The development of Crayons has been guided by the 10 double-lock bugs in the Linux Kernel described by Abal et al. [16]. To avoid bias in evaluation, the experiments of Section 5 have been executed on 100 different cases of lock manipulation bugs fixed by Dan Carpenter in the Linux Kernel history. There is a risk of the tool performing particularly well on Carpenter’s bugs by accident. However, constructing suitable sets of confirmed bugs for a system of complexity and scale of the Linux Kernel is extremely difficult and requires expert knowledge. Thus to avoid construct validity issues, we rely on known historical bugs that have been fixed by an expert. The design of the tool has followed broad semantic principles, not the work of this expert, though. Furthermore, we used a rather generic metric (sum of errors) for creating the ranking to avoid biasing the design towards the evaluation set. At the same time, being able to evaluate on real examples gives us confidence that the method is scalable and sophisticated enough for real problems.

6.3 Beyond Locking API Misuses

An interesting question is: To what extent can Crayonsbe generalized/adapted to automatically suggest patches for misuses of other APIs? To address this question, we focus on Crayons’ main components.

The labels on Figure 4(a) reflect how the pre-conditions and post-conditions of our Hoare triples relate. This means that we can replace them by any other Hoare triples as long as the graph depicts their relation, that is, the post-condition of any arrow source matches the pre-condition of its head. The graph in Figure 4(a) neither imposes any restriction to the type or form of the statement of the Hore triple. It can be a function call in the way we use it in the present article or a block of statements; it can even be expressed not as a C statement but as an intermediate representation statement. This allows more complex statements to be considered (e.g., as in bug c202e2ebe1dc). The misuse graph in Figure 4(b) is defined in terms of the graph in Figure 4(a) and the repairs in Table 3 are defined by considering the colors of the nodes in Figure 4. It is only when we interpret the colors of the nodes back to the Hoare triplets’ functions (lock, unlock) that we give the repairs a meaning in terms of a locking API.

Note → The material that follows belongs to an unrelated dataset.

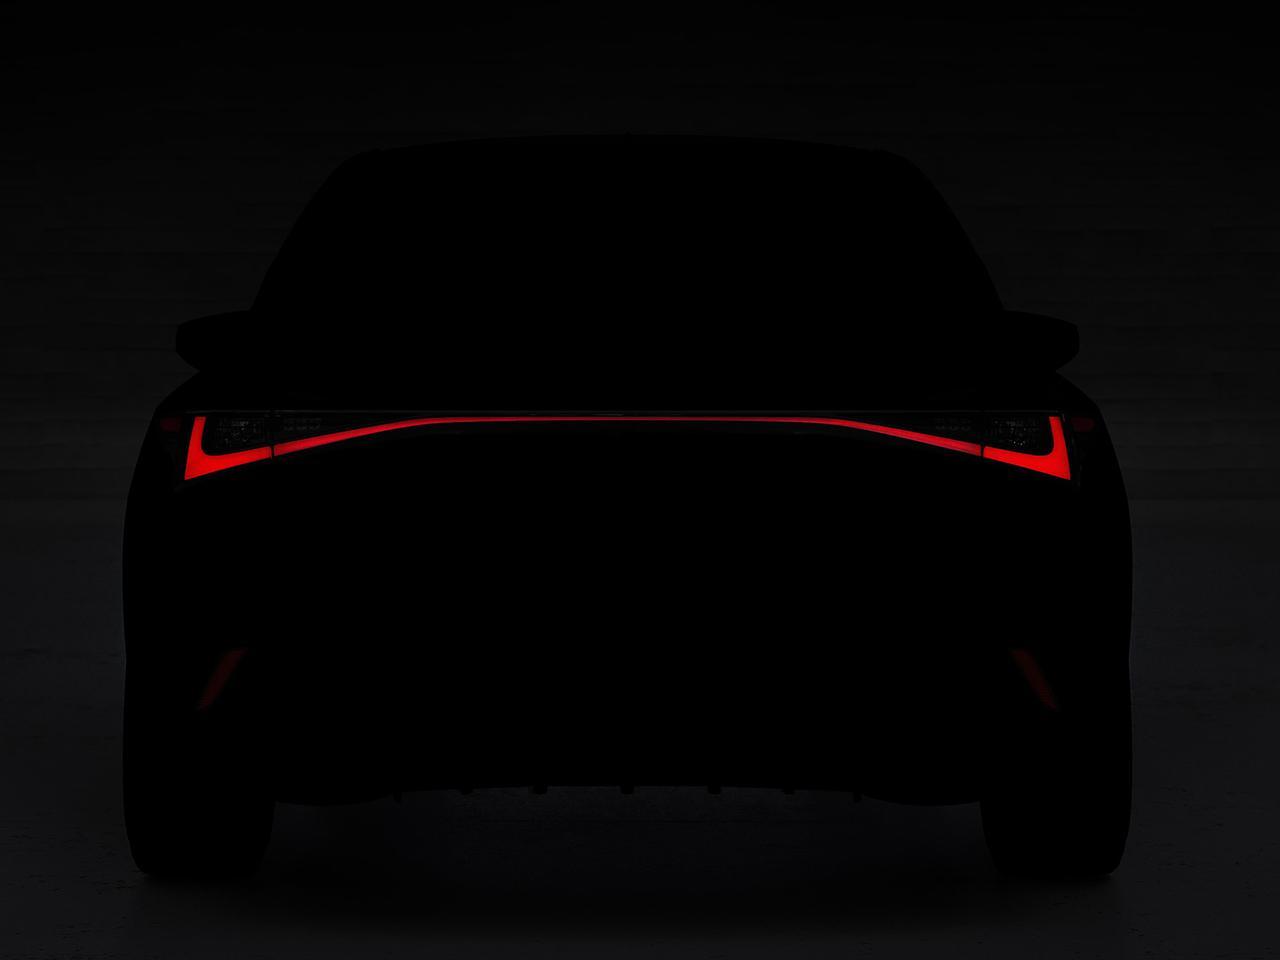 レクサスが新型ISをチラ見せ! 2020年6月10日にオンラインでワールドプレミアの予定

Crayons’ learning component is also driven by labeling. To learn other APIs the labeling needs to be consistent with the one used on the synthesis part. In learning, we use Equation (4) as our criticality heuristic and Equation (5) as a measure for our line labeling. The general from of the equation for calculating the weight of lines can be considered as

\begin{equation} w_i(\textrm {h}) ~ = ~ \alpha \bigoplus _{ {t\in \mathrm{R}(s_i)}} \textrm {h}(t) ~ + ~ \beta \bigoplus _{ {t\in \mathrm{ER}(s_i)}} \textrm {h}(t) ~ + ~ \gamma \bigoplus _{ {t\in \mathrm{VN} (s_i)}} \textrm {h}(t) ~ + ~ \omega \bigoplus _{ {t\in \mathrm{VT} (s_i)}} \textrm {h}(t). \end{equation}

(6)

Equation (6) suggests that to generalize Crayons’ learning component only designing a new learning heuristic ( $\textrm {h}$ ) is required. For example, in case of a K-function APIs, this heuristic can be a weight obtained using a multilabel classifier. Furthermore, this observation also suggest a future work research question: to what extent Crayonslearning component can be API agnostic?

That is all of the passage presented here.